だけど避けても避けても、尾田君の方から近付いてきて…その度に携帯をちらつかせるもんだから、情けないことに従ってしまっている。



「………も、いい加減にしてくれない…?こんなオバサン相手にする必要なんかないでしょ?尾田君、社内でも人気者なんだし……」
「………すぐ寄ってくる女なんて、面白くないじゃん?ていうか、オレは游子さんがいいの!」
「何よそれ。面白いとか意味わかんない。っていうか名前呼ばないでよ、友達でも彼氏でもないんだから。私相手にしてたら、人生棒に降るわよ?早く諦めて。同年代の子と遊んで」
「そういうことじゃないんだけど……ほんと、つれないっスね…体は素直なのに。あと、キスさせてよ」
「…も…勘弁して……何回も言ってるけど、キスは絶対嫌。彼氏としかしない」
スーっと指で背中をなぞられ、ピクッと反応してしまったけど、何度も付き合わされた体はもつはずもなく明日も仕事があるからと布団を頭から被った。
……はっきり言って、今から自宅に帰る体力さえも残されてなかったのである。

そっぽを向いて、さっさと眠りについた私を悲しい目で見ていたなんて気付くはずもなかった。



「…で?実際のとこどうなのよ、尾田くんとは?」
昼休み、彩と二人で屋上でご飯を食べていた。
最近はまた仕事が忙しく、ゆっくりと休憩を取るのは久しぶりだったから、外の空気を吸いながらのランチは気分転換になるはずだったんだけど…
「別に……っていうか何で今、尾田君の話なのよー。別の話題にしようよー?」
「やーだよ。游子が新しい一歩を踏み出すかもしれないチャンスを見逃したくないし。何でそんな頑ななの?尾田君、あんなに熱烈なのに……」
「……それよ…その熱烈さが困るの…」
最近になって、尾田君は社内でも堂々と夕飯の誘いをしてくるようになった。
私は毎回断るんだけど、さすが上司のお気に入りというだけあって、たまに部長の後ろ楯が付いてくる。
私たちのやり取りは、部内ではちょっとした定番コントのような感じにもなってきて、今では周りも微笑ましく見ている状況なのだ。
ちなみに夕飯の誘いと夜の誘いはまったく別の話で、夕飯を断っても情事だけ付き合わされることもある。

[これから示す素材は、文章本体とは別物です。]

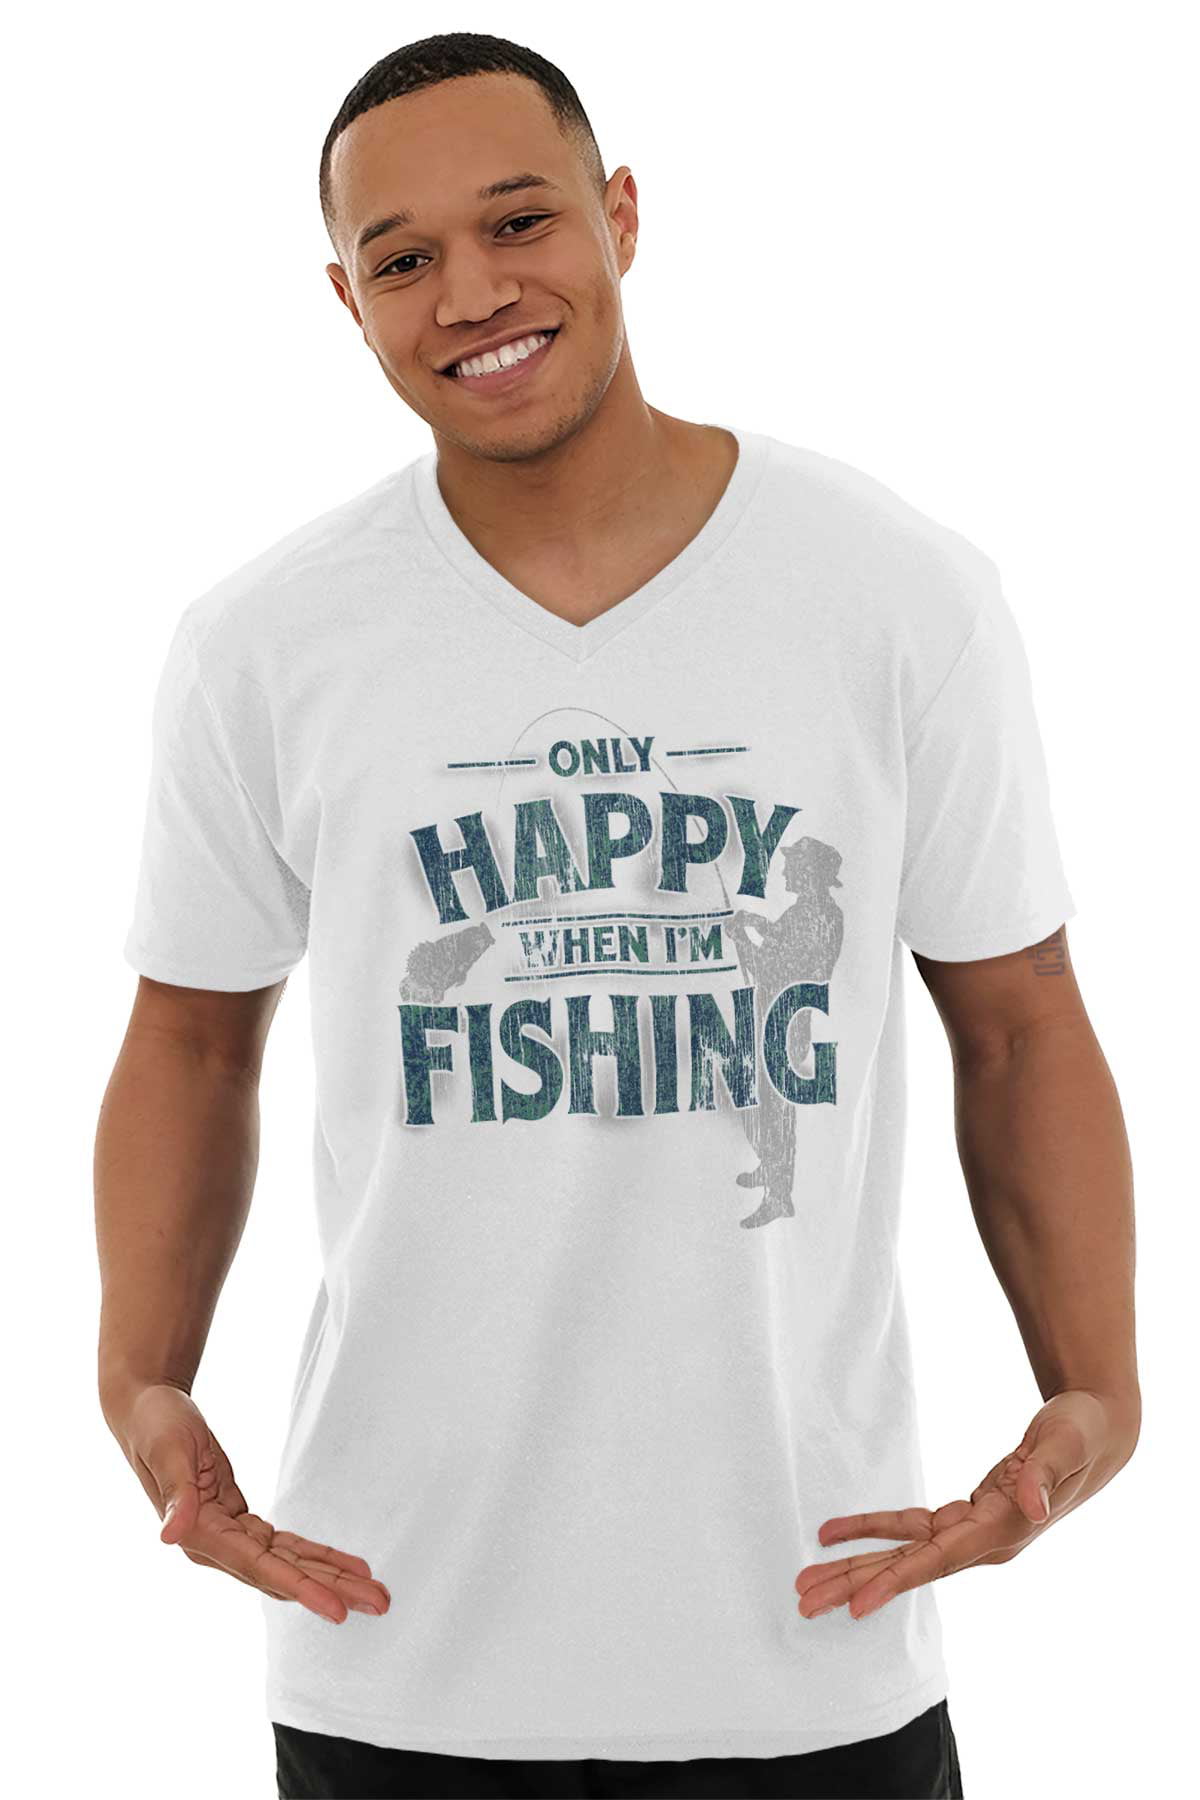 Fishing T-Shirt Funny Novelty Mens tee TShirt Caught Sod All Fishing Club 
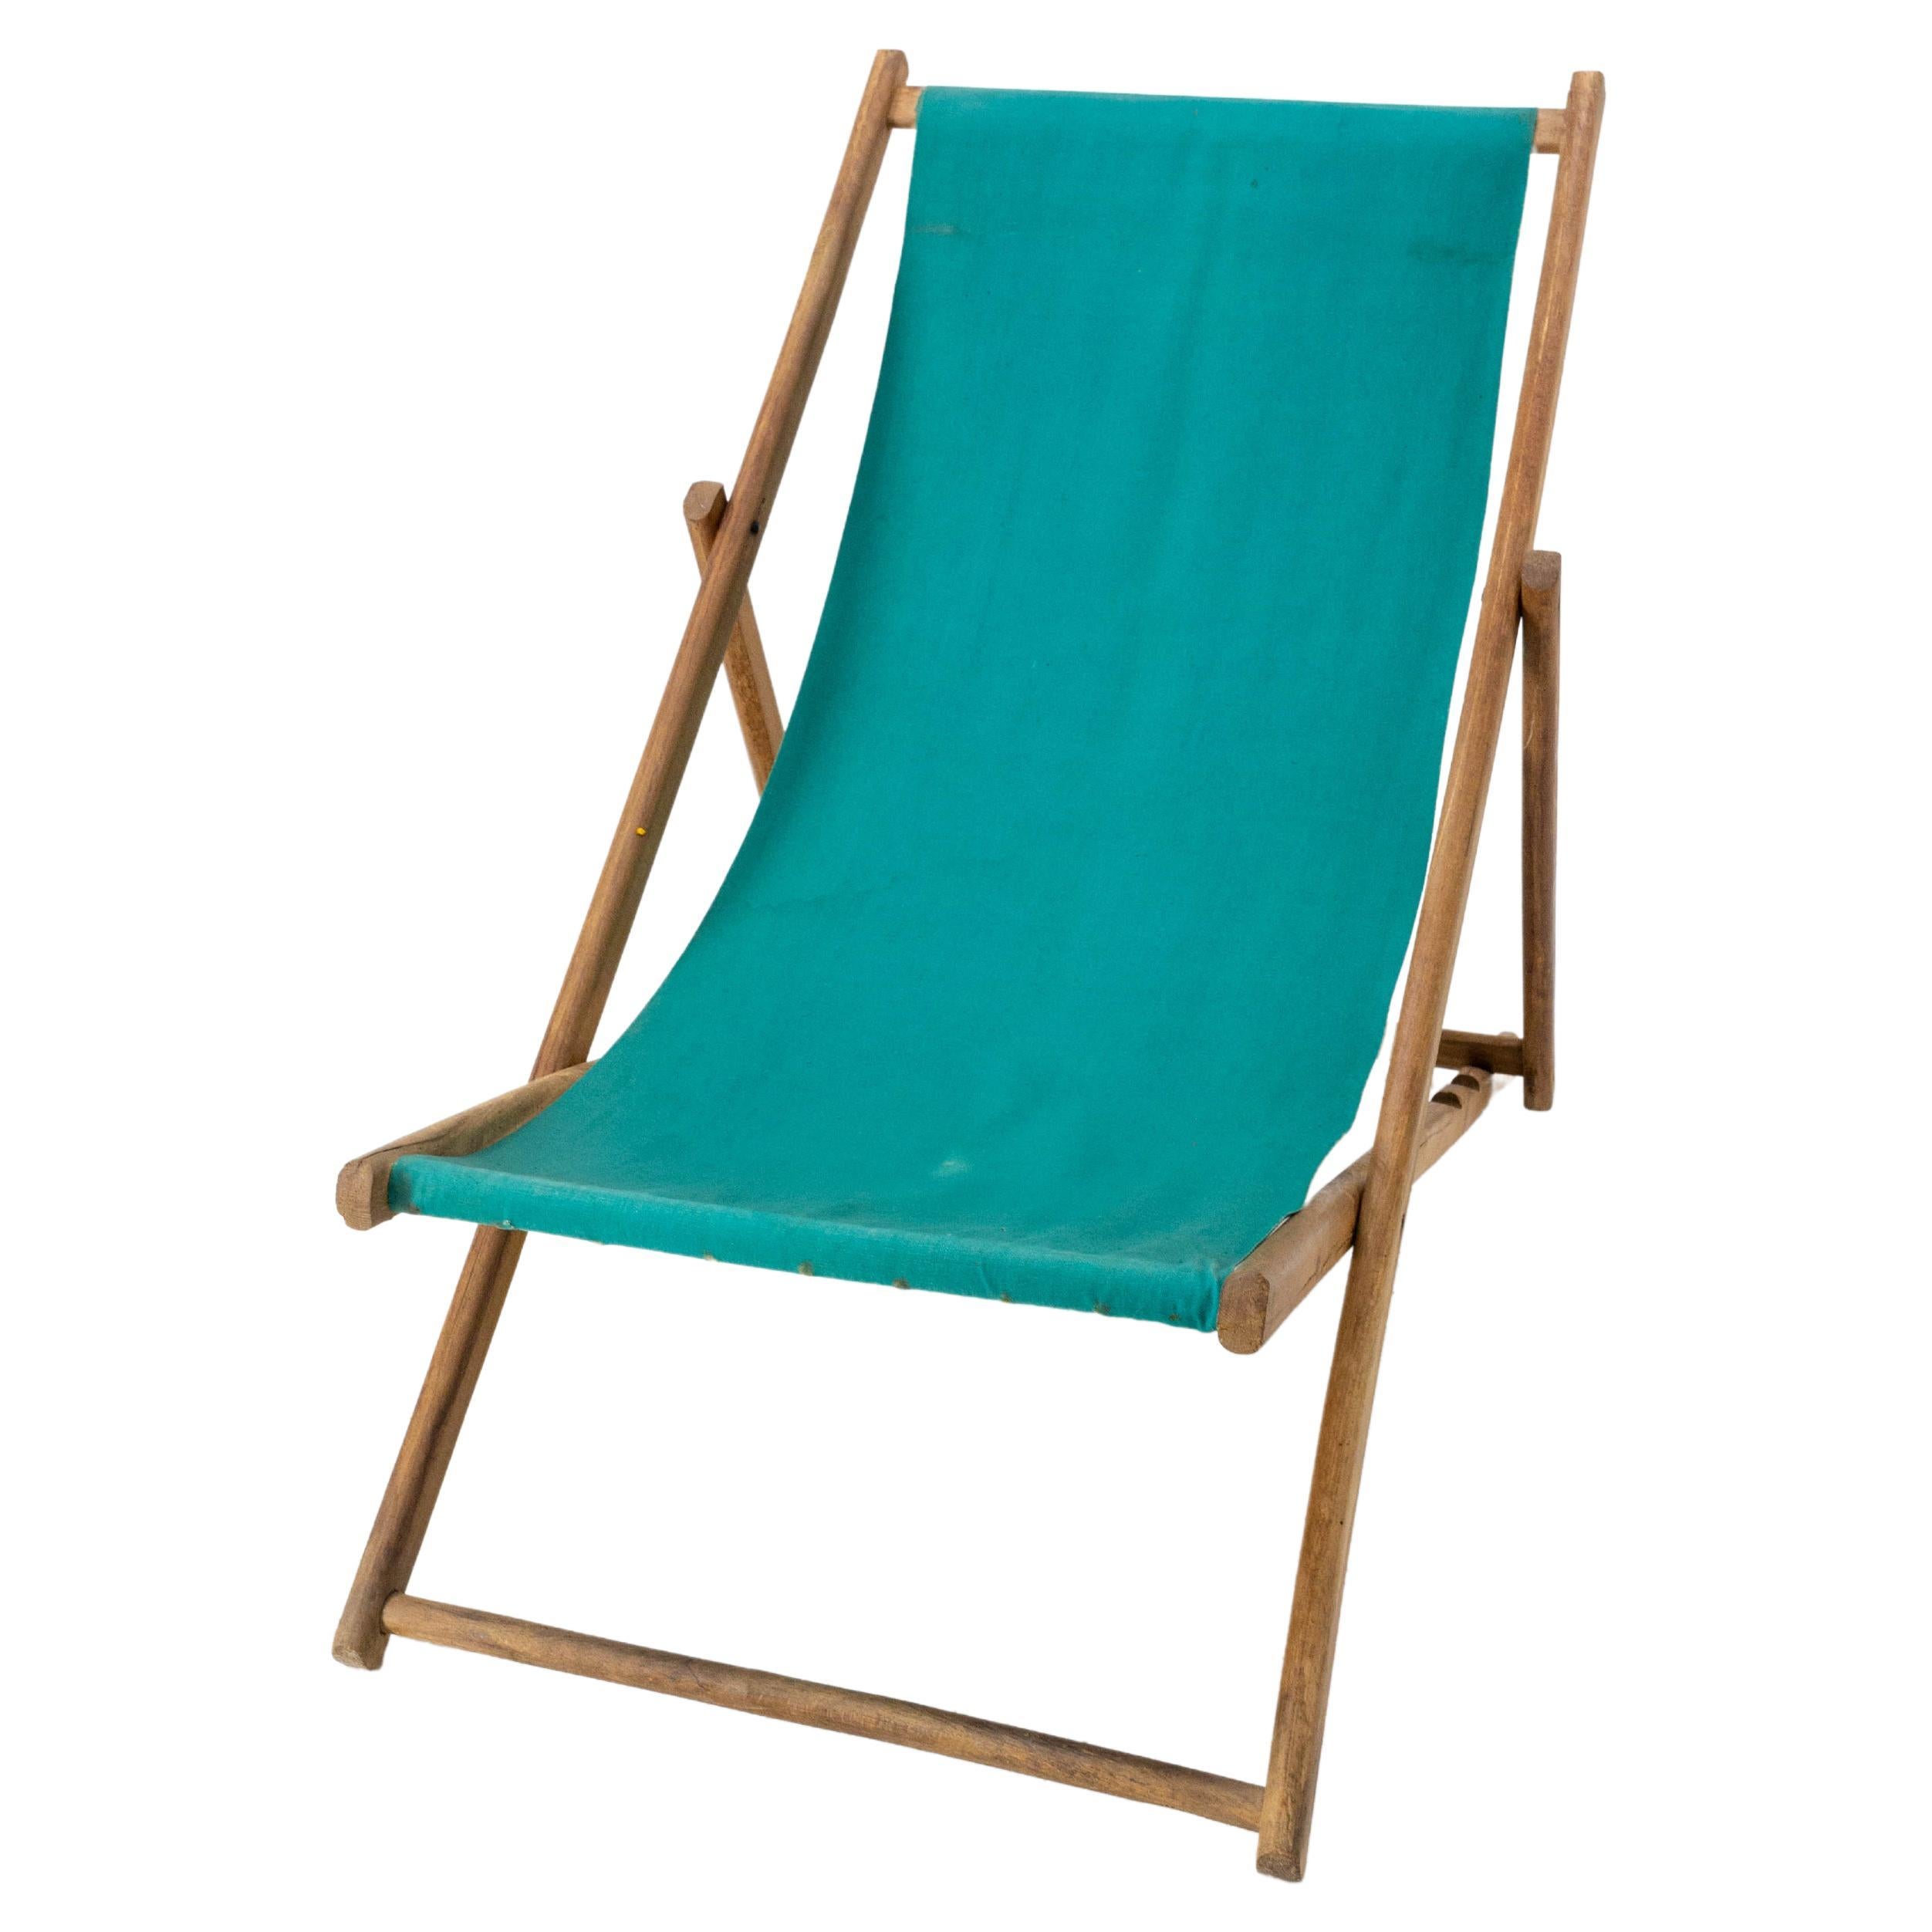 Transat Folding Deck Chair Patio Lounger, Buche und Stoff Chaise Longue, Französisch

「私は、仕事が楽しくできればそれでいいの……恋愛なんてツラいだけじゃん?」
「尾田君は違うかもしれないじゃん」
「私みたいにやさぐれてるとね、全部を包み込んでくれる器の大きい人じゃないと無理だって気付いたの!それに……尾田君は憧れを恋愛だって勘違いしてるだけ。現実に気付いたら、すぐ他に行くでしょ?そんなの目に見えてるよ」
「游子……そこまで重症だとは思ってなかったわ…」
「まぁ、私も最近になって自分の恋愛観に気付いたからね…ある意味、尾田君のおかげかも?」

自分の中でも、脅しにも似た今のセフレ的状況はそろそろ潮時にしなきゃなと決心が固まりつつあった。
このままだと、引き返せないところまで足が浸かりそうな気がしていたから。
私はまだ、恋愛をするのが怖いのだ。